We all go there sometimes, with or without hats, streamers, and blow horns. We may have been invited by a disappointment, or we may not even know how we ended up there in the first place, hog-tied and teary eyed. Pity parties are the parties that everyone has gone to at least once. And if you have only attended once, count yourself especially special. We have a million things that make us happy. We have things in our lives that make our hearts smile, people in our lives that are there when everyone else goes to their own pity party and ignores the invite to ours. That’s okay.

That doesn’t mean they’re any less of a friend any more than it means we’re any less of a friend when we can’t step out of our own muck to join in theirs. Which is why reflection, during times of joy, is particularly useful and powerful for all of us. If thinking about what we don’t have can get us into our own pity-party, then maybe thinking about what we do have can get us into our own celebration of gratitude – which is typically much healthier, not to mention good for our spirits.

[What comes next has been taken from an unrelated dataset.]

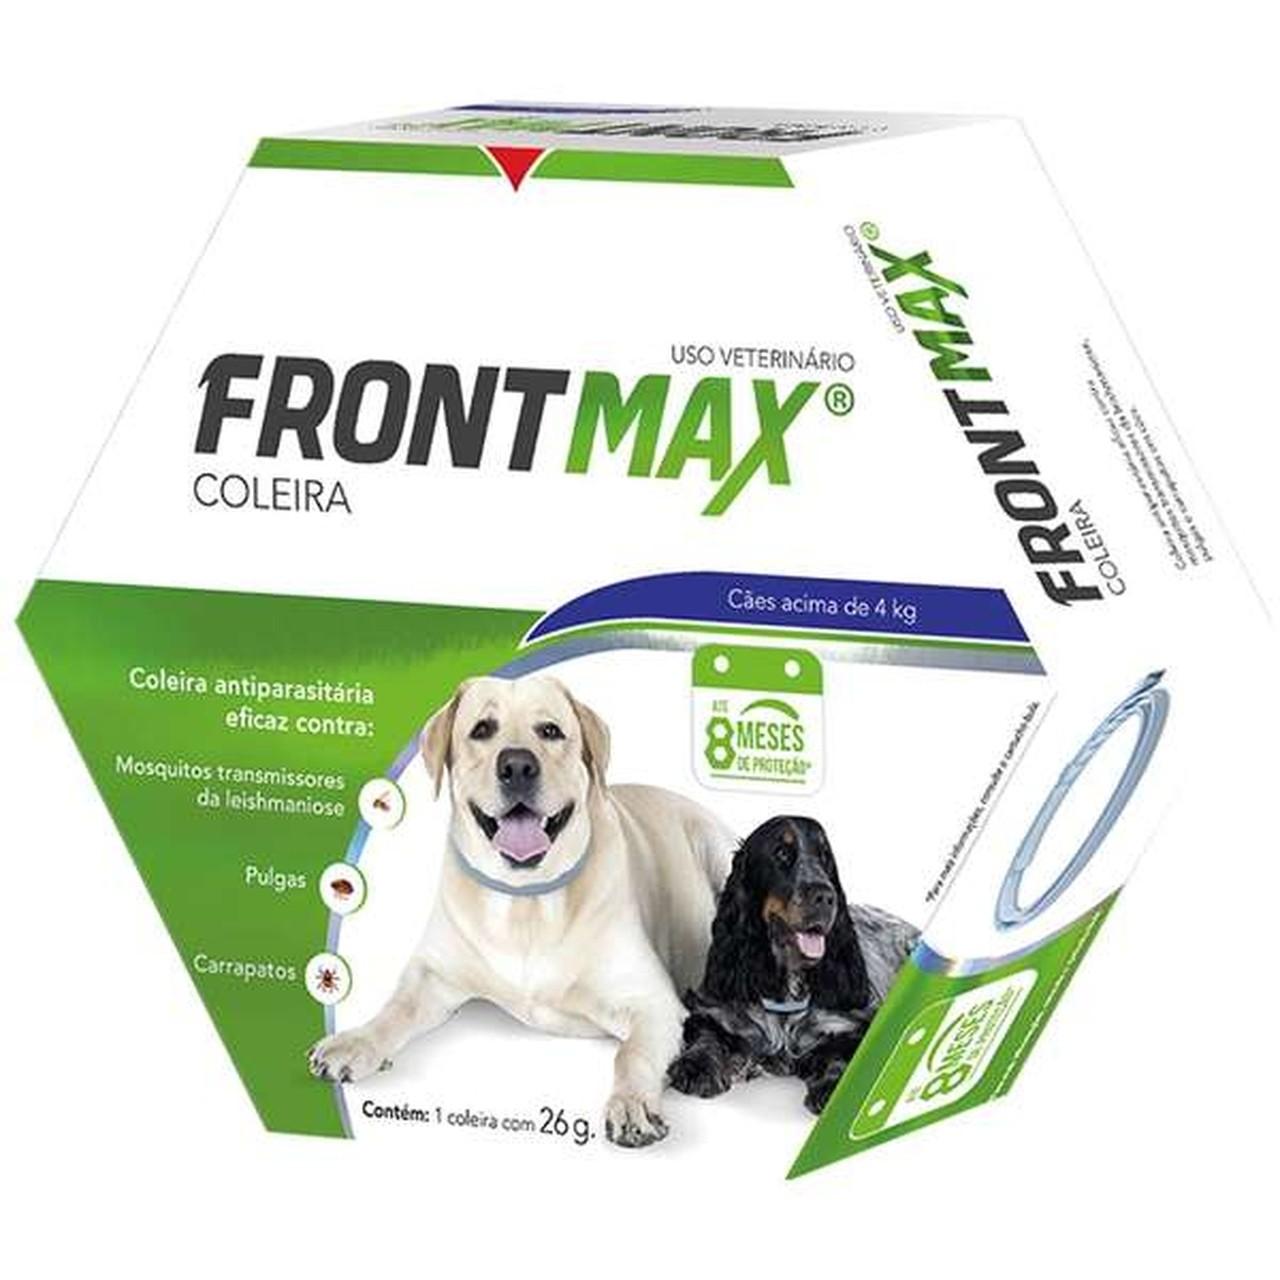 Coleira Antiparasitária Vetoquinol Frontmax para Cães Acima de 4 Kg

I spent too much time over the holidays indulging in my own pity party. I even pulled others in, and blocked some out completely. It’s easy for the guilt-ridden part of me to focus on that, to drown in my own stupid selfishness. But now that I’m done with that party and my sunshine has shone its rays across the horizon of life again, I find that I have no interest in going back. Sure, the raccoon bagged red eyes were a beautiful site. The hunched over zombie crawl of going through the motions has its haunting attraction. But maybe it was a little ungrateful and self-indulgent of me to be that version of myself. I don’t have Cancer. I have two amazing kids. I have some of the sweetest friendships, a man who loves me even through my obnoxious moments, and a dog who revolves her days around the comings and goings of her two-legged mommy. Sure, I’ve experienced lots of death & heartbreak. I’m 40.

Still, I have 100 New Years Resolutions, and only one year to make it happen. 365 days of self-pity-free openness to life. That should cover all 100 resolutions. I’m so far from perfect, and I’m not so rose-colored as to think that I won’t struggle with this mission. But like anything else worthwhile and life-changing, I’m taking it one day at a time. My wish is that everyone takes time this year to reflect on the good, take inventory of the blessings, to reach out to those who struggle more than ourselves, and journey toward that ever-changing silver lining. Pity parties after all are so 2016. 2017 is about JOYful gratitude.